Easily debugging Meteor.js - claudiojulio
http://joshowens.me/easily-debugging-meteor-js/

======
jggonz
I've been playing with Meteor since 0.5 and only recently discovered the
WebStorm IDE. I HIGHLY recommend it even for personal projects. It has built
in support for meteor, and gives you a truly powerful debugging environment.
You can set breakpoints and examine the state of the app (var values, etc...)
while viewing the console within the IDE itself. It also has a Chrome plugin
that allows the IDE to launch and debug apps in the browser.

Here's the link to download the 30 day trial:
[https://www.jetbrains.com/webstorm/](https://www.jetbrains.com/webstorm/)

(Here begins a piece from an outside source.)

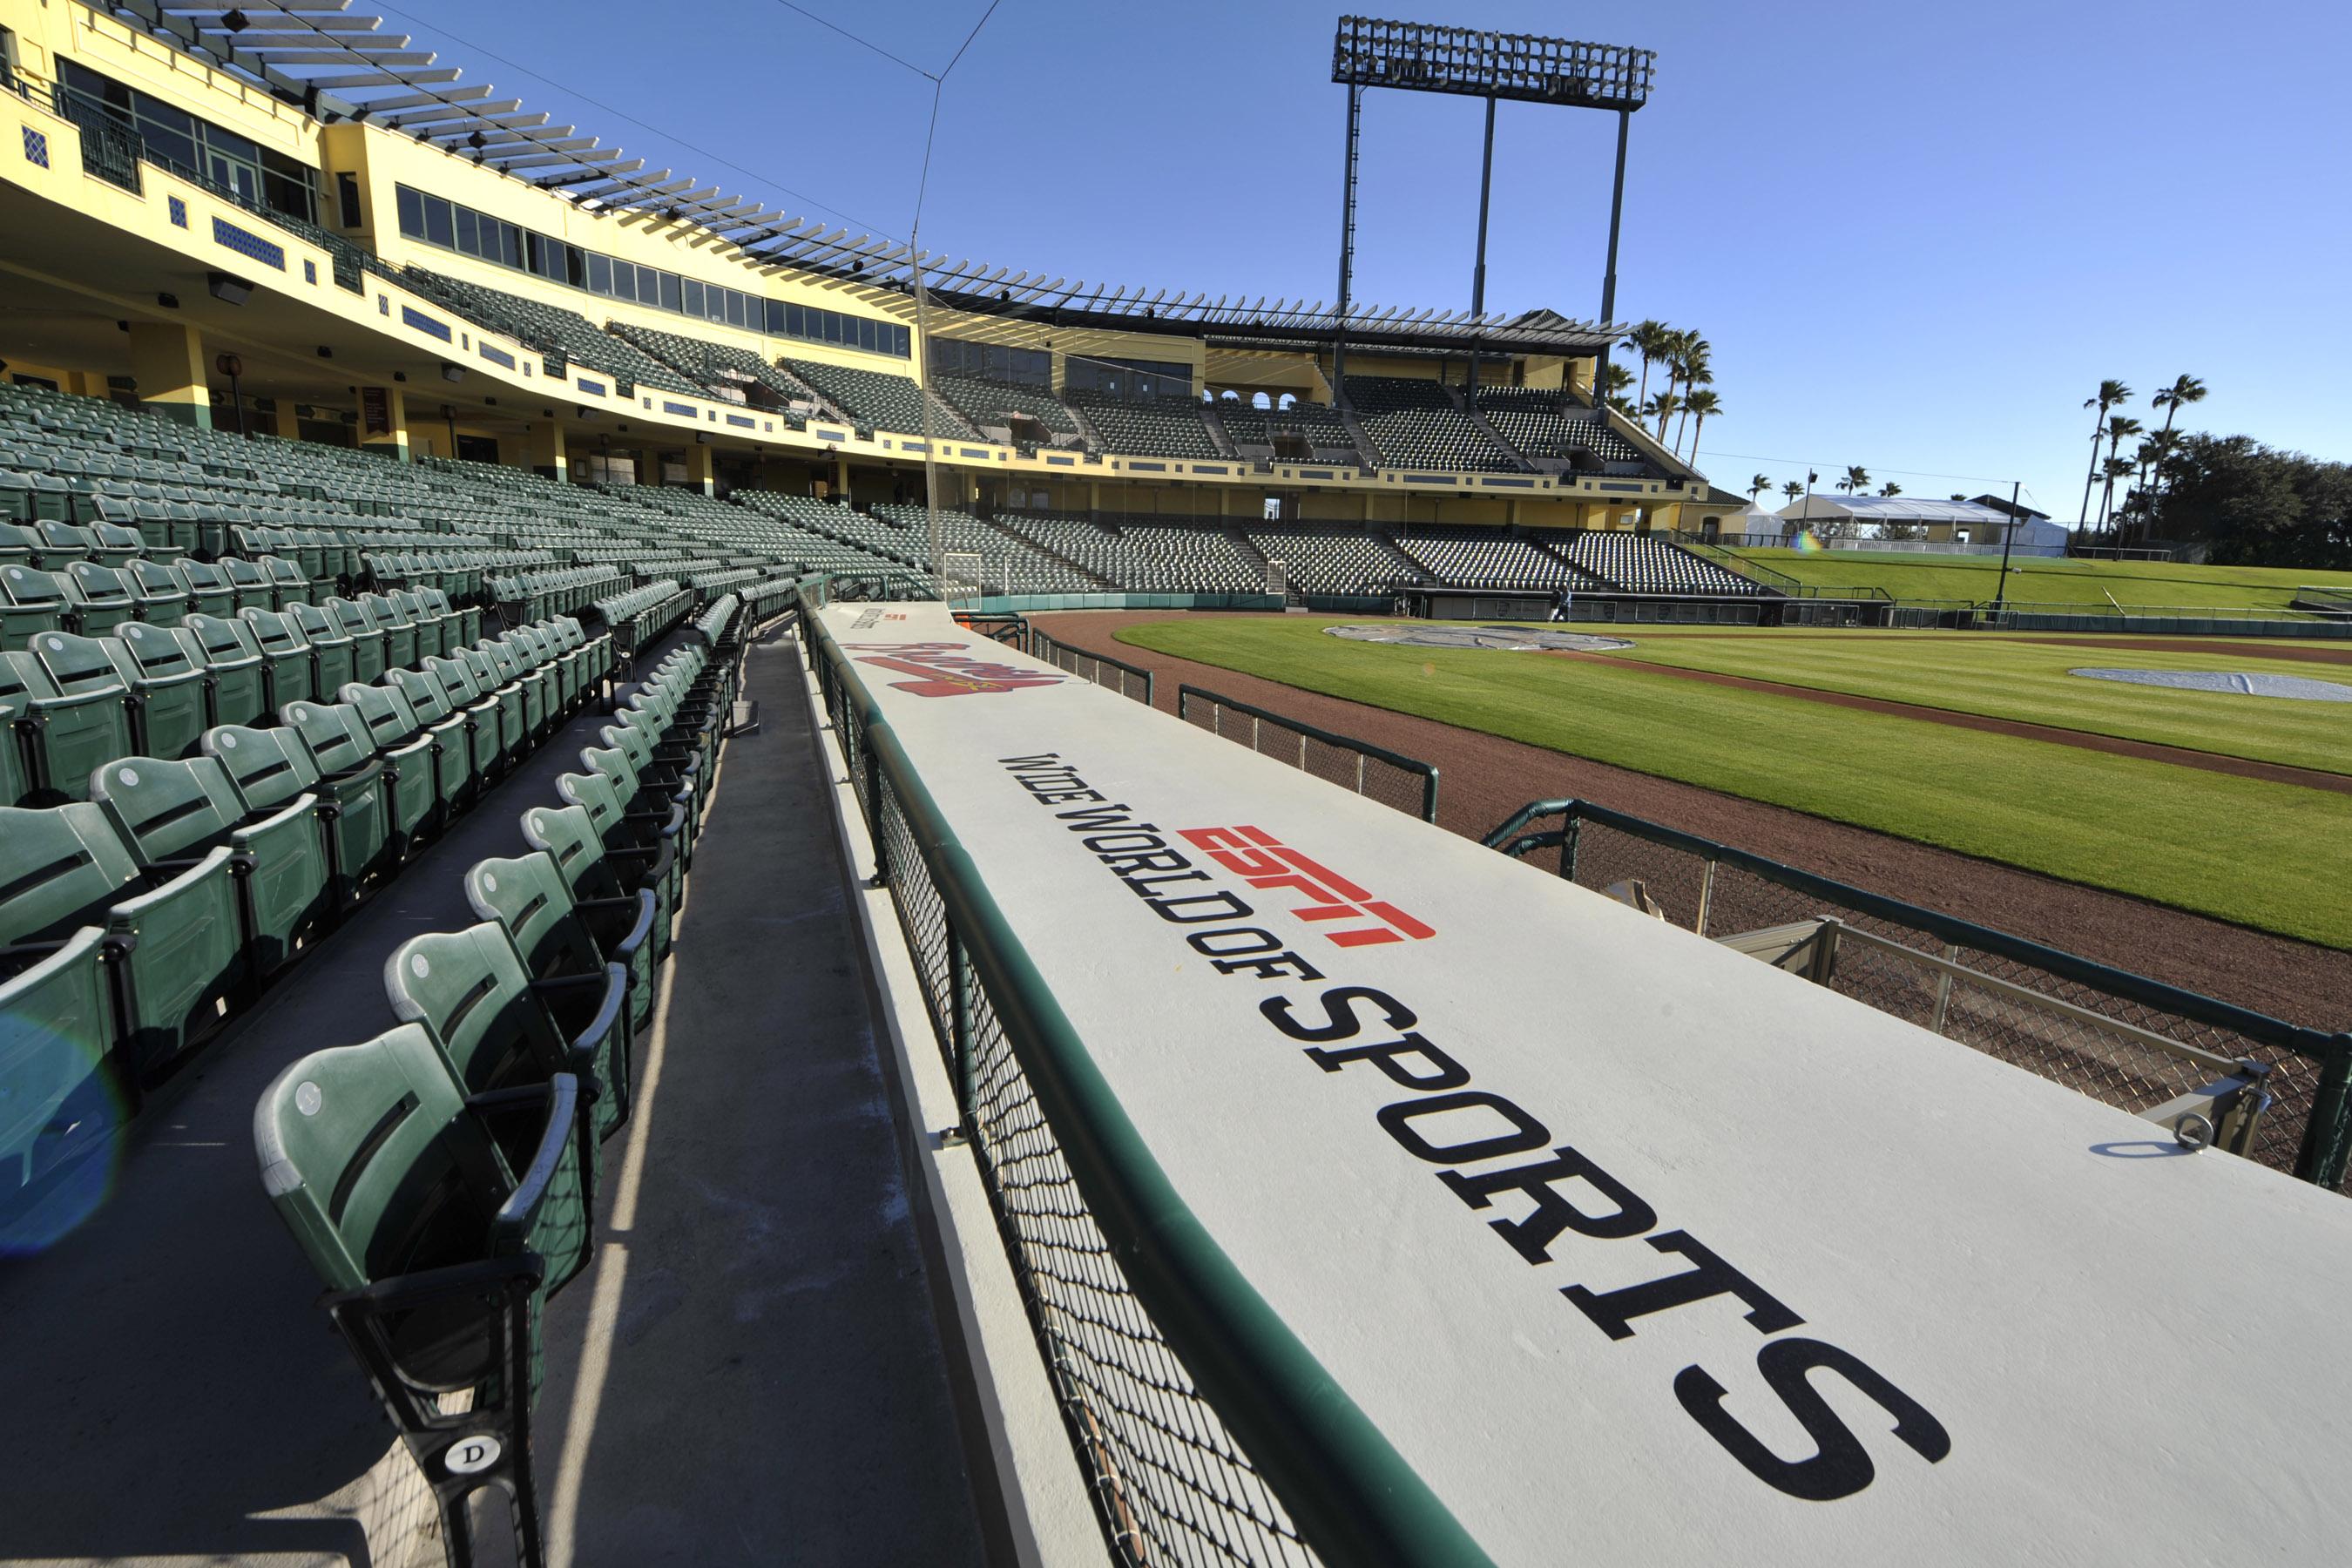 Atlanta Braves Spring Training Games Get Underway Today At Espn Wide

Simple set up instructions: [https://www.jetbrains.com/webstorm/help/using-
meteor.html](https://www.jetbrains.com/webstorm/help/using-meteor.html)

------
jakozaur
Also worth checking: [http://meteor.toys/](http://meteor.toys/)

Most useful and free version:
[http://mongol.meteor.com/](http://mongol.meteor.com/)

------
rywalker
Great points Josh - it's pretty common for new Meteor devs to rely only on
console.log - this is a valuable reminder of all the other options for
stepping up our debugging game :)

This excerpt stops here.